5. **Reporting** – Results are grouped by file and emitted to the console or serialized in the requested format.

---

## Roadmap

| Area                  | Planned Improvements                                                      |
|-----------------------|---------------------------------------------------------------------------|
| More language support | Plans to create rule sets for over 100 languages for maximum coverage     |
| Control‑flow analysis | Generation of CFGs for deeper reasoning about execution paths             |
| Taint tracking        | Intra‑ / inter‑procedural tracing of untrusted data from sources to sinks |
| Output formats        | Full SARIF 2.1.0, JUnit XML, HTML report generator                        |
| Rule updates          | Remote rule feed with signature verification                              |

Community feedback will help shape priorities; please open an issue to discuss proposed changes.

---

## Contributing

Pull requests are welcome.
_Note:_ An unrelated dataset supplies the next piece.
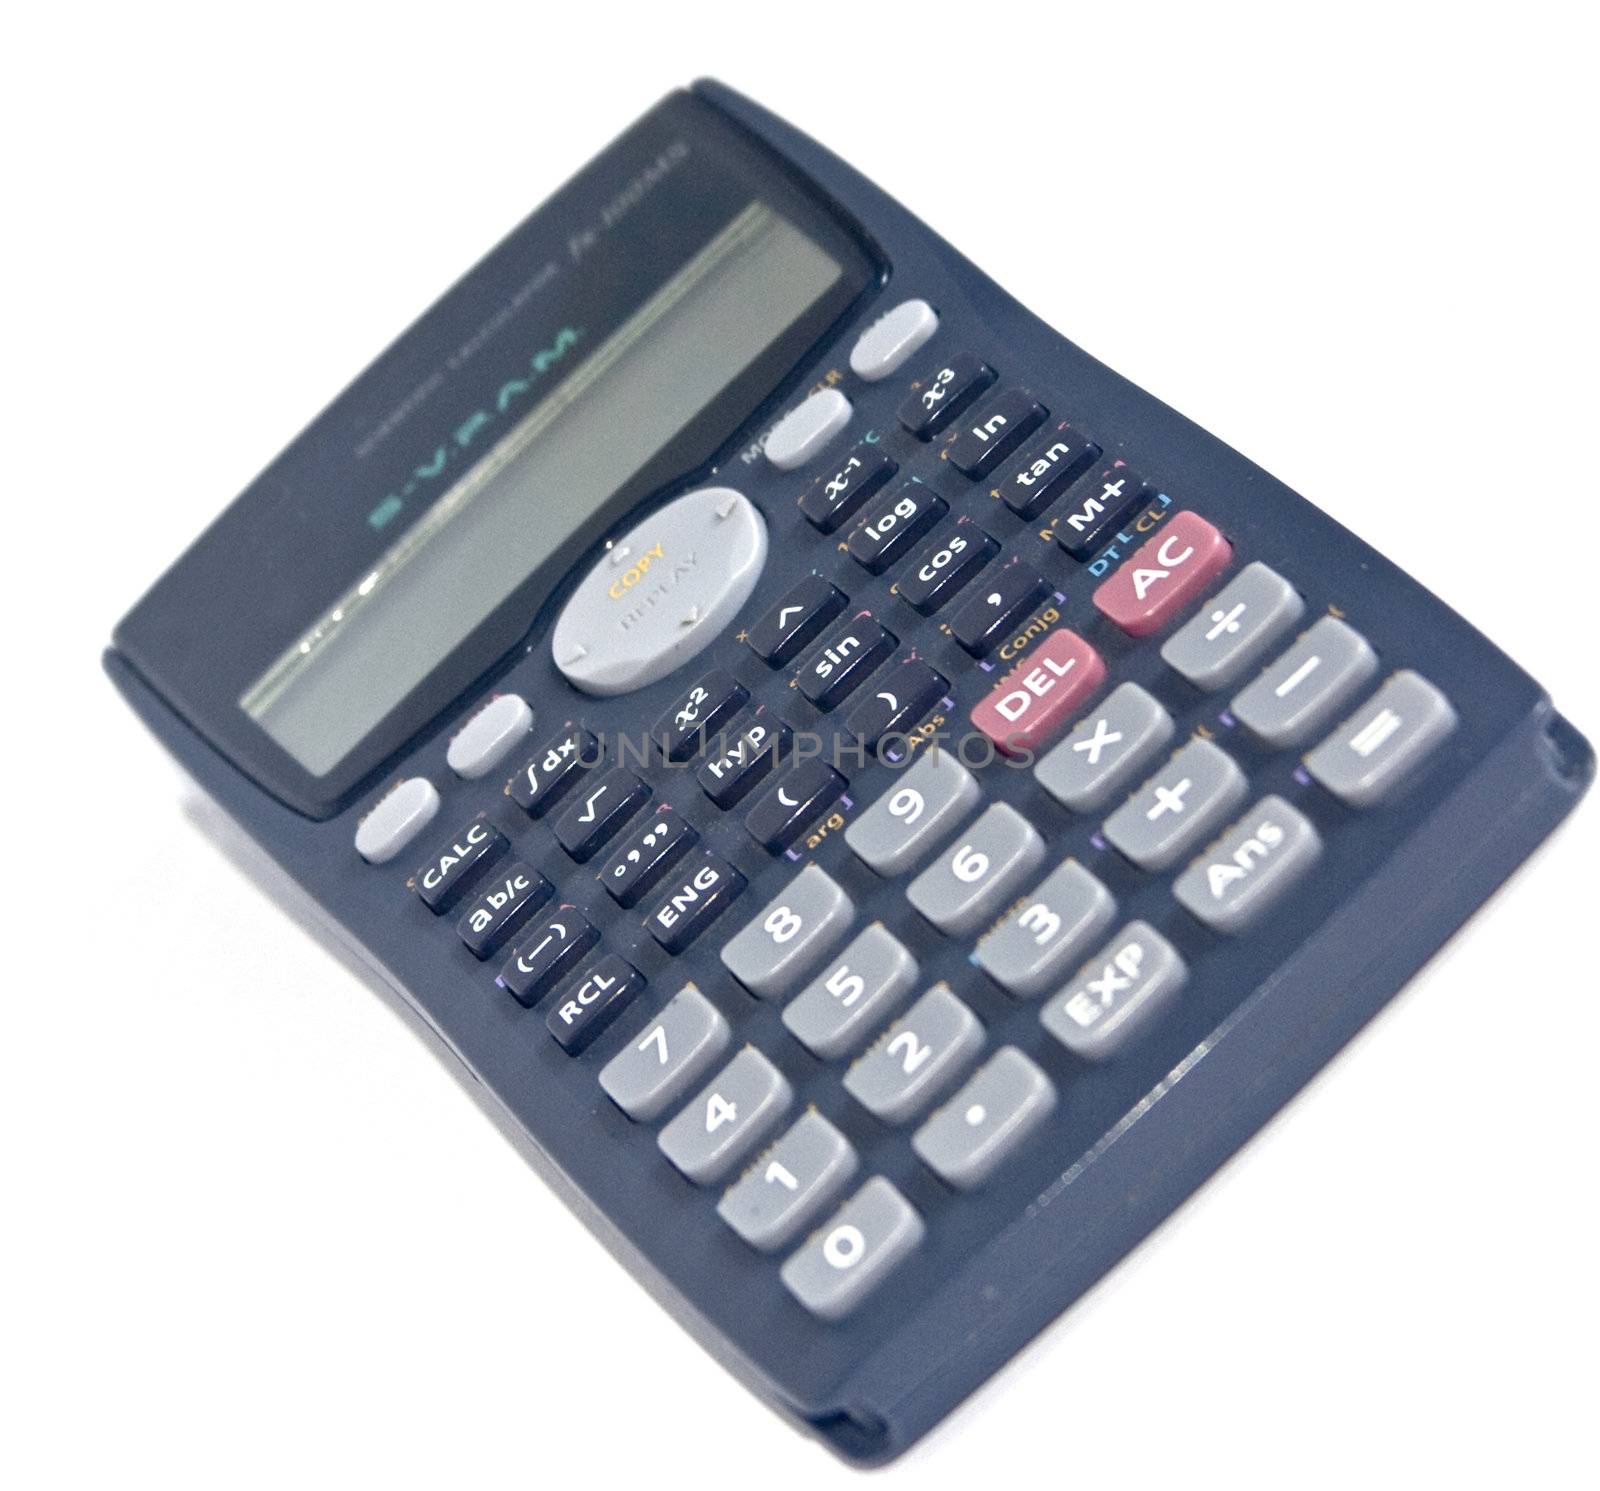 The calculator by soloir

To contribute:

1. Fork the repository and create a feature branch.
2. Adhere to `rustfmt` and ensure `cargo clippy --all -- -D warnings` passes.
3. Add unit and/or integration tests where applicable (`cargo test` should remain green).
4. Submit a concise, well‑documented pull request.

See `CONTRIBUTING.md` for full guidelines.

---

## License

Nyx is licensed under the **GNU General Public License v3.0 (GPL‑3.0)**.

This ensures that all modified versions of the scanner remain free and open-source, protecting the integrity and transparency of security tools.

See [LICENSE](./LICENSE) for full details.